For this analysis, we focus on the morphology of the dendrites and exclude the axons of the neurons. To achieve this, we set structure_ids = [1,3,4], which tells CAJAL to only sample points from the soma and the basal and apical dendrites. We sample 100 points from each neuron and compute the Euclidean distance between each pair of points in that neuron using the following code:

[2]:
import cajal.sample_swc
import cajal.swc

cajal.sample_swc.compute_icdm_all_euclidean(
    infolder="/home/jovyan/swc",
    out_csv="/home/jovyan/swc_bdad_100pts_euclidean_icdm.csv",
    preprocess=cajal.swc.preprocessor_eu(
        structure_ids=[1,3,4],
        soma_component_only=False),
    n_sample=100,
    num_processes=8)  # num_processes can be set to the number of cores on your machine
100%|████████████████████████████████████████████████████████████████████████████████▊| 508/509 [06:02<00:00,  1.40it/s]
[2]:
[]

Once the sampling is completed, we compute the Gromov-Wasserstein distance between each pair of neurons.
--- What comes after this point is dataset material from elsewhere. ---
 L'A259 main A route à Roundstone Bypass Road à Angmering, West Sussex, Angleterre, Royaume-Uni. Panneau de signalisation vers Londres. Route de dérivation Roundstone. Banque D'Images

To compute the Gromov-Wasserstein distance matrix we use the code:

[3]:
import cajal.run_gw

cajal.run_gw.compute_gw_distance_matrix(
    "/home/jovyan/swc_bdad_100pts_euclidean_icdm.csv",
    "/home/jovyan/swc_bdad_100pts_euclidean_GW_dmat.csv",
    num_processes=8)
100%|██████████████████████████████████████████████████████████████████████████| 129286/129286 [03:52<00:00, 556.95it/s]
[3]:
(array([[  0.        ,  76.53525355,  48.81215985, ...,  36.25765651,
          39.63267218, 107.27192268],
        [ 76.53525355,   0.        ,  90.55259238, ...,  69.27173625,
          82.74822498,  50.54451328],
        [ 48.81215985,  90.55259238,   0.        , ...,  26.48503494,
          16.99102489, 129.81156708],
        ...,
        [ 36.25765651,  69.27173625,  26.48503494, ...,   0.        ,
          21.15960915, 107.41792624],
        [ 39.63267218,  82.74822498,  16.99102489, ...,  21.15960915,
           0.        , 121.93211717],
        [107.27192268,  50.54451328, 129.81156708, ..., 107.41792624,
         121.93211717,   0.        ]]),
 None)

We can visualize the resulting space of cell morphologies using UMAP:

[1]:
import plotly.io as pio
pio.renderers.default = 'iframe'

import cajal.utilities
import umap
import plotly.express

# Read GW distance matrix
cells, gw_dist_dict = cajal.utilities.read_gw_dists("/home/jovyan/swc_bdad_100pts_euclidean_GW_dmat.csv", header=True)
gw_dist = cajal.utilities.dist_mat_of_dict(gw_dist_dict, cells)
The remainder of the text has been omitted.